Pour aborder un autre sujet : quand vous étiez petit, aviez-vous un modèle de gardien ?
Peter Schmeichel, sans aucun doute. Il était impressionnant, capable de tout arrêter au cours d'une partie. Pour moi, il a toujours été l'exemple à suivre. Mais curieusement, je suis devenu un gardien avec des qualités complètement différentes des siennes.

Vous faites partie des rares footballeurs qui étudient encore à l'université. Est‑ce quelque chose de très important pour vous ?
C'est vrai qu'un footballeur sur dix seulement poursuit ses études ( rires). Je le fais pour moi, pas pour les autres. Pour mon avenir. La carrière de joueur de football ne dure pas longtemps. Il faut donc être prêt pour la suite. J'ai déjà rencontré d'anciens joueurs qui, après avoir raccroché les crampons, ont pris leur retraite sans rien faire d'autre. Je ne veux pas finir comme ça.

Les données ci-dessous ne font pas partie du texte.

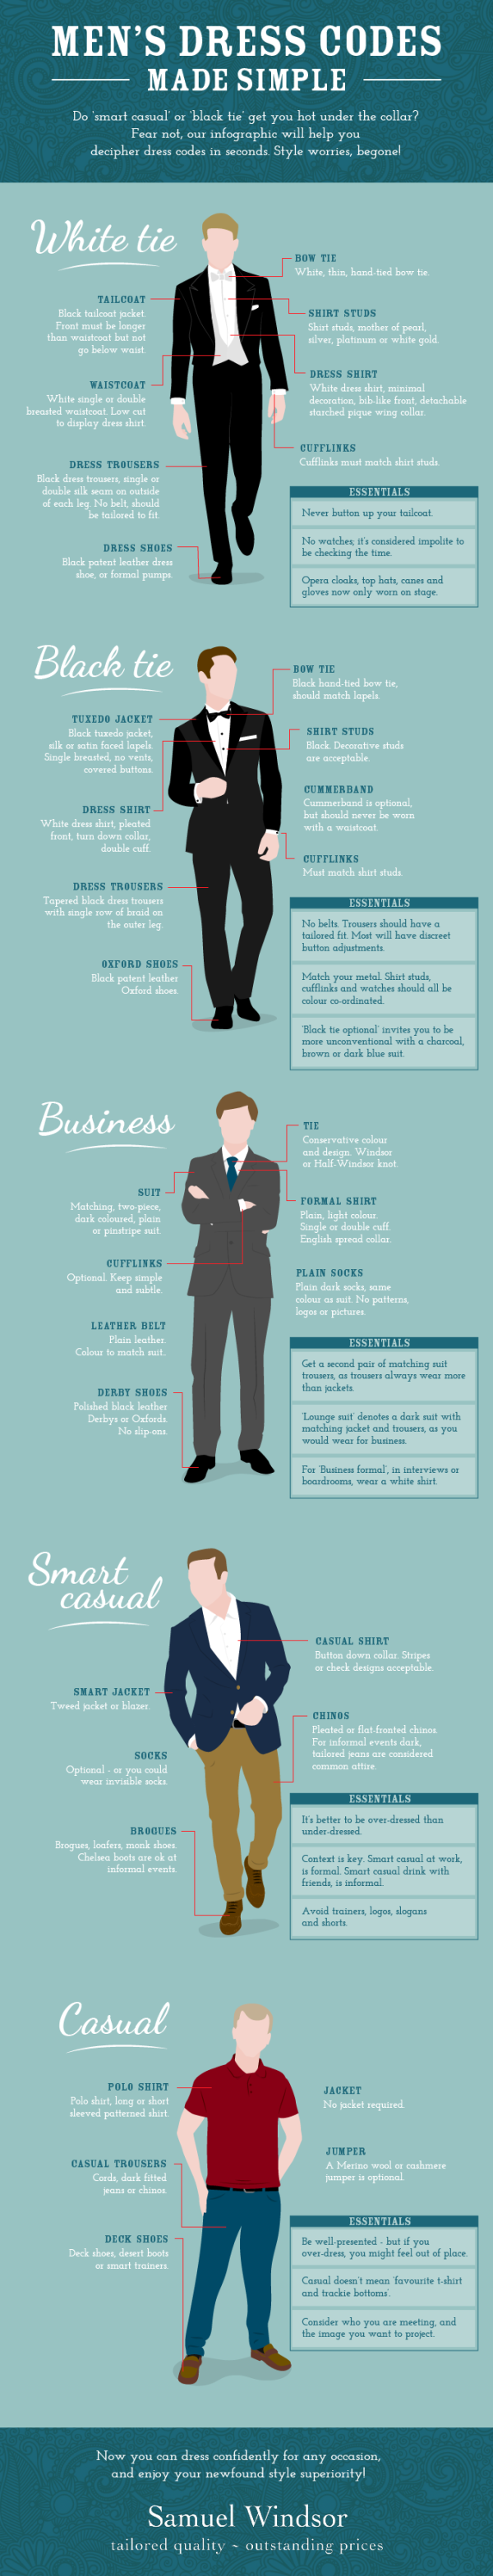 Men's Dress Codes Made Simple — Cool Infographics

Si nous faisons un nouvel entretien dans cinq ans, qu'aimeriez-vous nous raconter ?
J'aimerais vous dire que je joue en Europe, dans une grande équipe. Que j'ai obtenu une médaille aux Jeux Olympiques, joué et gagné la Ligue des Champions et, bien sûr, remporté la Coupe du Monde 2010. Mon rêve est une finale contre le Brésil où nous allons aux tirs au but, et j'arrête le dernier... Non, encore mieux : nous gagnons 1:0 et à la dernière minute, le Brésil obtient un penalty. Je l'arrête ( rires).